Over the last couple of years, Gillo Theatre Repertory has been conducting play reading sessions with their team of actors to familiarise them with the kind of theatre works being written for children. Beginning today, the exercise extends to their audiences (they’re the theatre for young audiences) and their parents with Kathasagar, a monthly reading club. To be held once a month on a Saturday, the sessions are aimed at promoting play reading, which is not as common as story reading. The first writer whose works would be read is Poile Sengupta. Director and founder of Gillo, Shaili Sathyu, tells us, “We will try to understand the context of the play and have activities like asking the children to design costumes. Exploration for each play will be different.” The two-hour sessions will include essays and short stories by the writer and will gradually include plays in other languages.
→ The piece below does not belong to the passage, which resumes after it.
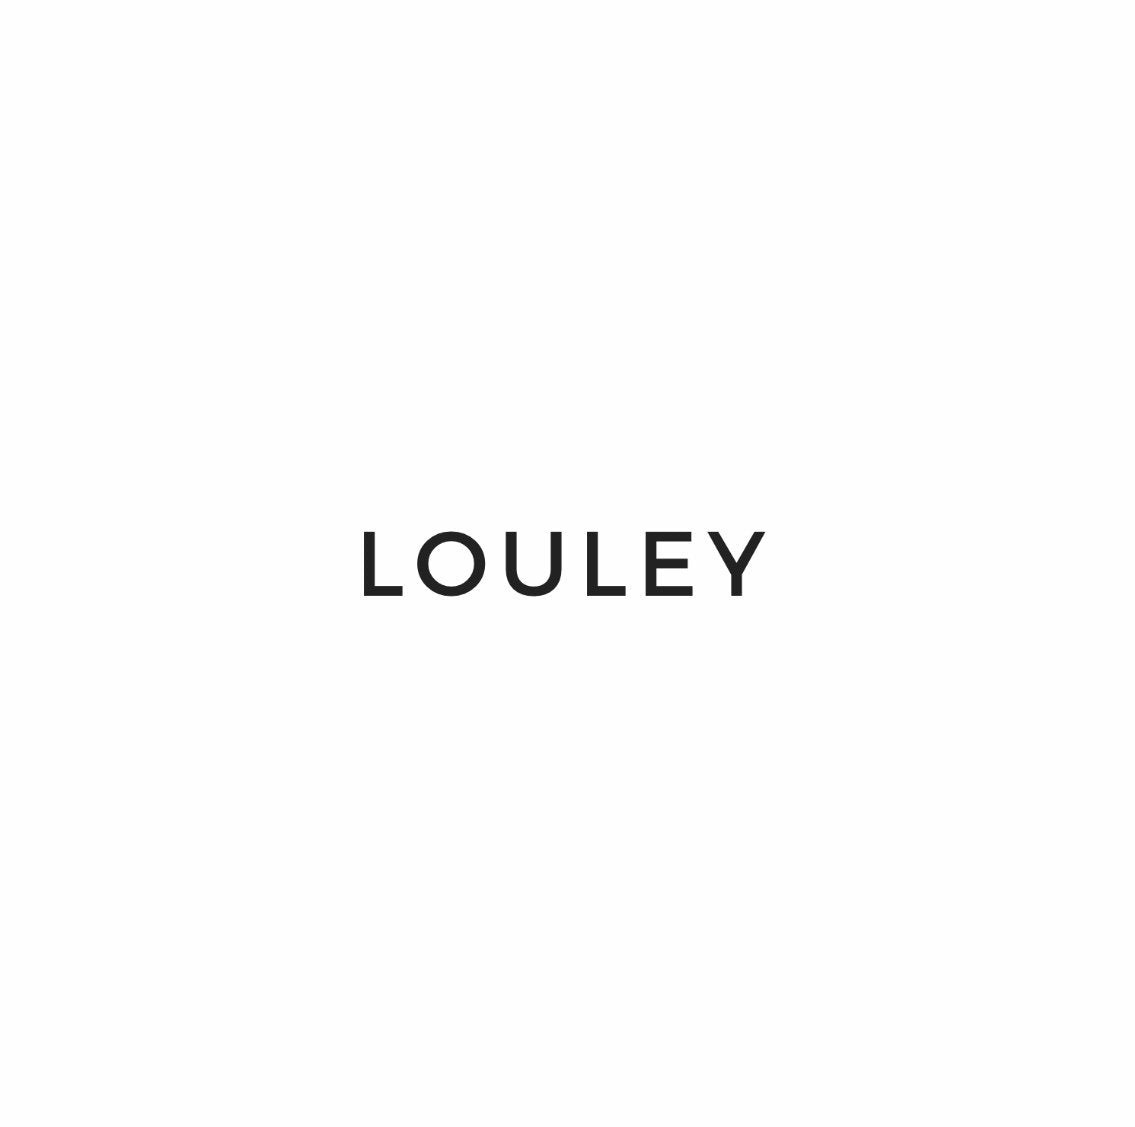 Louley

Theatre exclusively for children

Gillo is an arts organisation that works towards content development, performance, training, curating, etc, for children. What sets Gillo apart from the other theatre companies, says Shaili, is the fact that it does work exclusively for children while others also include theatre for adults. “Theatre exclusively for children is needed for their aesthetic development,” she says. Since its inception in 2009, the repertory has adapted stories into plays, Kyun-Kyun Ladki (Mahashweta Devi), Taoos Chaman Ki Myna (Naiyer Masud), She-He-Shey (Rabindranath Tagore’s Shey), and many more. The name of the group comes from gillo gilehri or a squirrel that’s found almost everywhere in India.

It’s a tough space

Shaili remembers, “There was only so much happening in theatre for children when we started.” Convincing people to come on board Gillo was difficult initially and still proves to be a hurdle. “Generally, established theatre actors are not interested in doing plays for children or they teach and conduct workshops, so it’s difficult to have someone for all 12 months.” Getting a place to hold the plays is not easy either. “Not many people invite you to perform and it’s not a long-term deal. It’s tough but the returns are enough to survive,” says Shaili, whose parents are illustrious theatre and film personalities Shama Zaidi and MS Sathyu. Though, things are now looking up. “Every year, more people are showing interest in working for children. But, it will take a few more years to become consistent,” she says.

Future plans

This year, Gillo introduced a tour bus where they travelled across Karnataka to take children’s theatre to a wider audience. Over the next five years, the group aims to build collaboration with other cultural institutions and have artiste exchange. “We’d like more people to create original work for children.” Since 2010, Gillo has built its own tour circuit that includes Bengaluru, Kolkata, Pune, etc. They plan to expand it to Kerala, Gujarat, Madhya Pradesh and the north. “We want to join the dots and share the roadmap for other people to venture,” Shaili says.